The Value of Individuals

An individual dancing
image credit: iStock/Artranq

Some people believe that we humans lack free will. As computers become increasingly powerful, many observers allege that we are just bundles of algorithms, programmed by a combination of our inherited genetic material and our environment, simply responding to stimuli in predictable ways.

I say that’s a lot of hooey.

Why?

Well, partly, because we have the words of countless great women and men telling us otherwise.

Here’s what Steve Jobs had to say:

Everything around you that you call life was made up by people that were no smarter than you and you can change it, you can influence it….

And here’s what Margaret Mead said:

Never doubt that a small, group of thoughtful, committed citizens can change the world. Indeed, it is the only thing that ever has.

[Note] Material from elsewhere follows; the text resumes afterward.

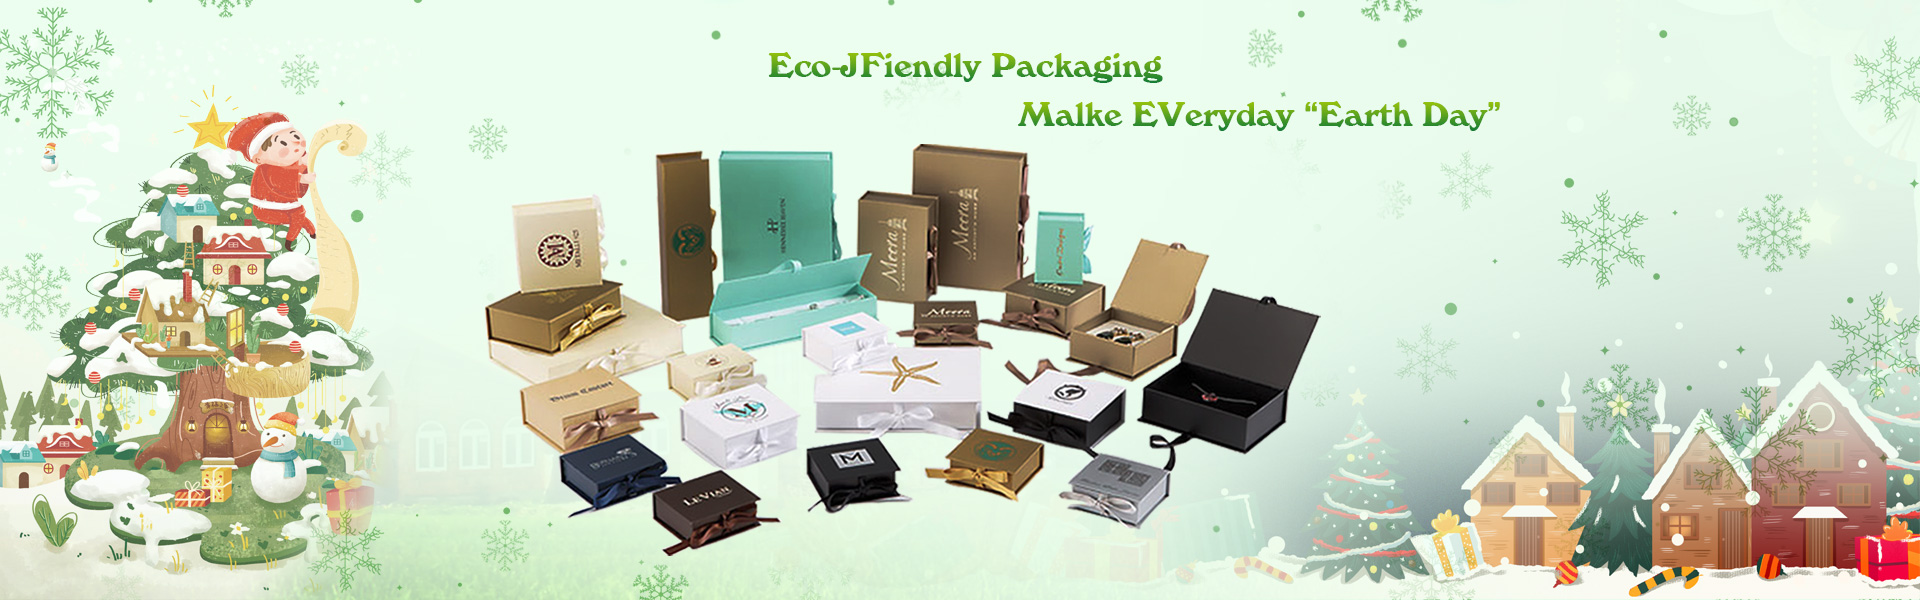 Ajándék doboz, csomagoló doboz, címke,Dongguan chengyuan packaging products Co,.Ltd
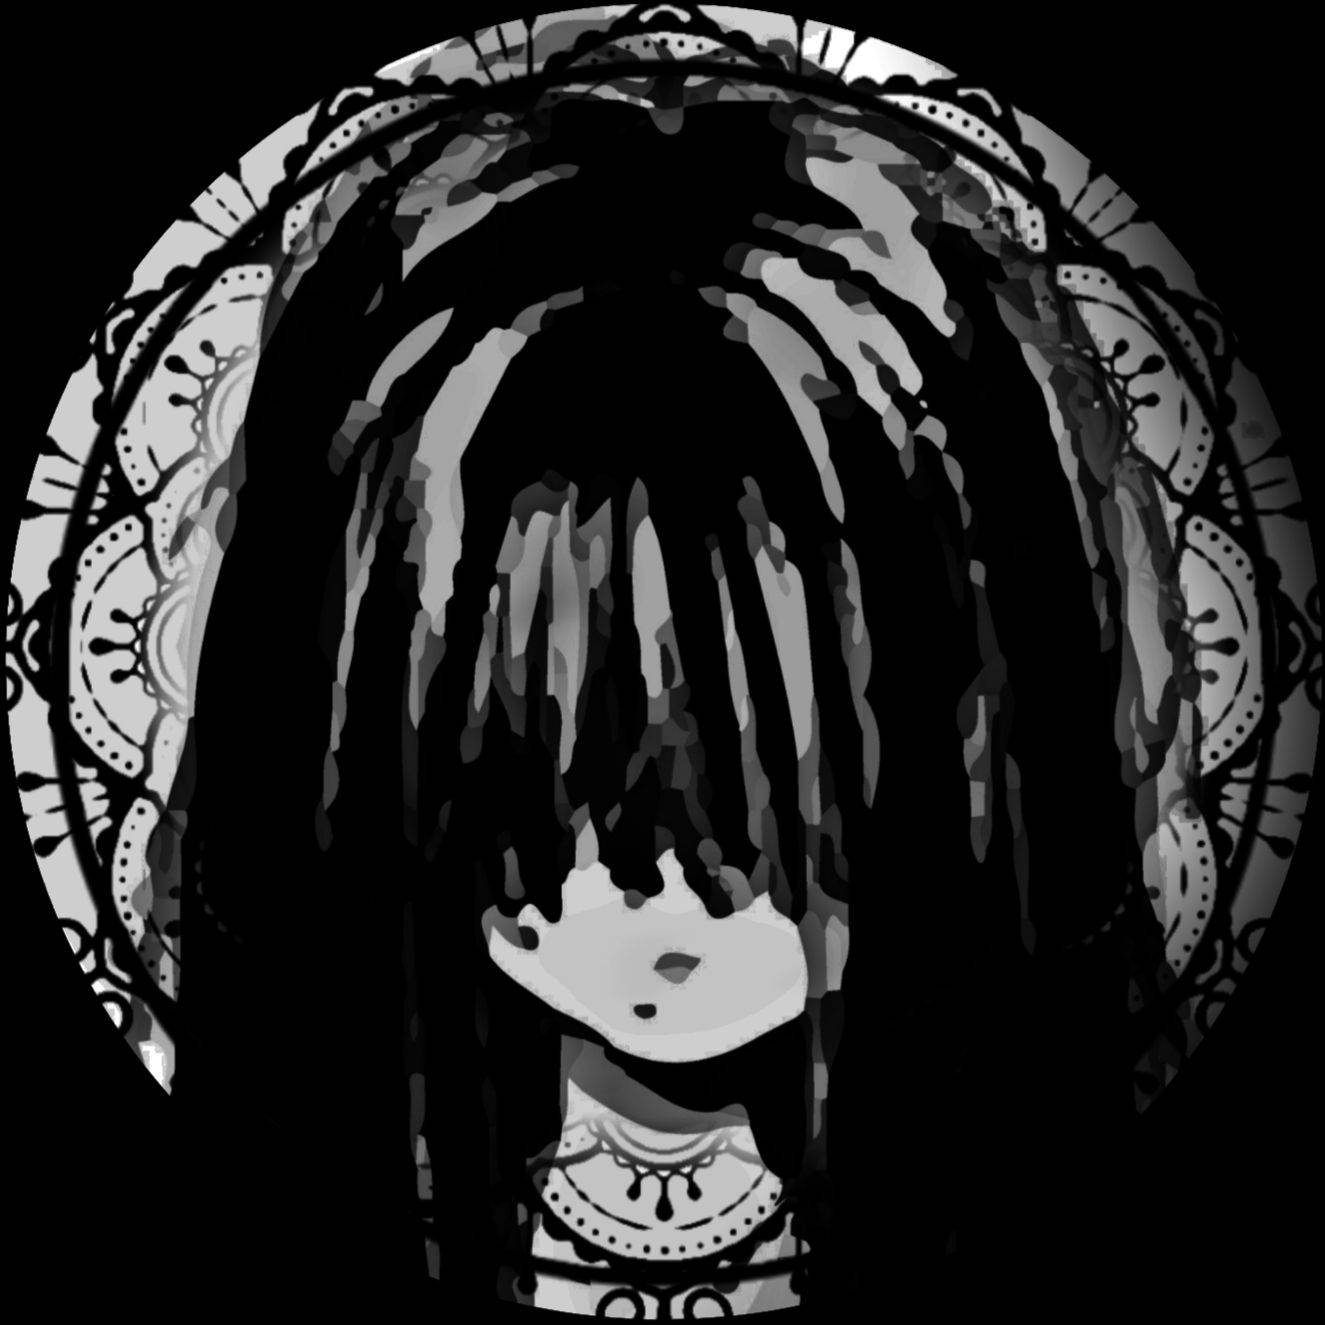 Anime Goth Girl Black And White PFP Wallpaper

Science fiction author Ray Bradbury offered us the following:

People ask me to predict the future, when all I want to do is prevent it. Better yet, build it. Predicting the future is much too easy, anyway. You look at the people around you, the street you stand on, the visible air you breathe, and predict more of the same. To hell with more. I want better.

In apparent agreement with Bradbury, computer scientist Alan Kay offered this advice:

Don’t worry about what anybody else is going to do…. The best way to predict the future is to invent it.

Architect Frank Lloyd Wright shared this secret with us:

I know the price of success: dedication, hard work and an unremitting devotion to the things you want to see happen.

And even if we suspect that many of our thoughts and actions are not entirely committed through our own free will, we would do well to remember the words of novelist E.M. Forster:

Failure or success seem to have been allotted to men by their stars. But they retain the power of wriggling, of fighting with their star or against it, and in the whole universe the only really interesting movement is this wriggle.

And if we think that only a few special people have the power to influence history, we should remember the words of Albert Schweitzer:

Of all the will toward the ideal in mankind only a small part can manifest itself in public action. All the rest of this force must be content with small and obscure deeds. The sum of these, however, is a thousand times stronger than the acts of those who receive wide public recognition. The latter, compared to the former, are like the foam on the waves of a deep ocean.

It is sometimes tempting to feel that we are being swept up in forces beyond our control. And while we are all in many ways products of our environment, we should never underestimate our abilities as individuals to contribute to the health and happiness of others.

So let’s all keep on wriggling toward the ideal.

It’s a lot more fun than any of the alternatives.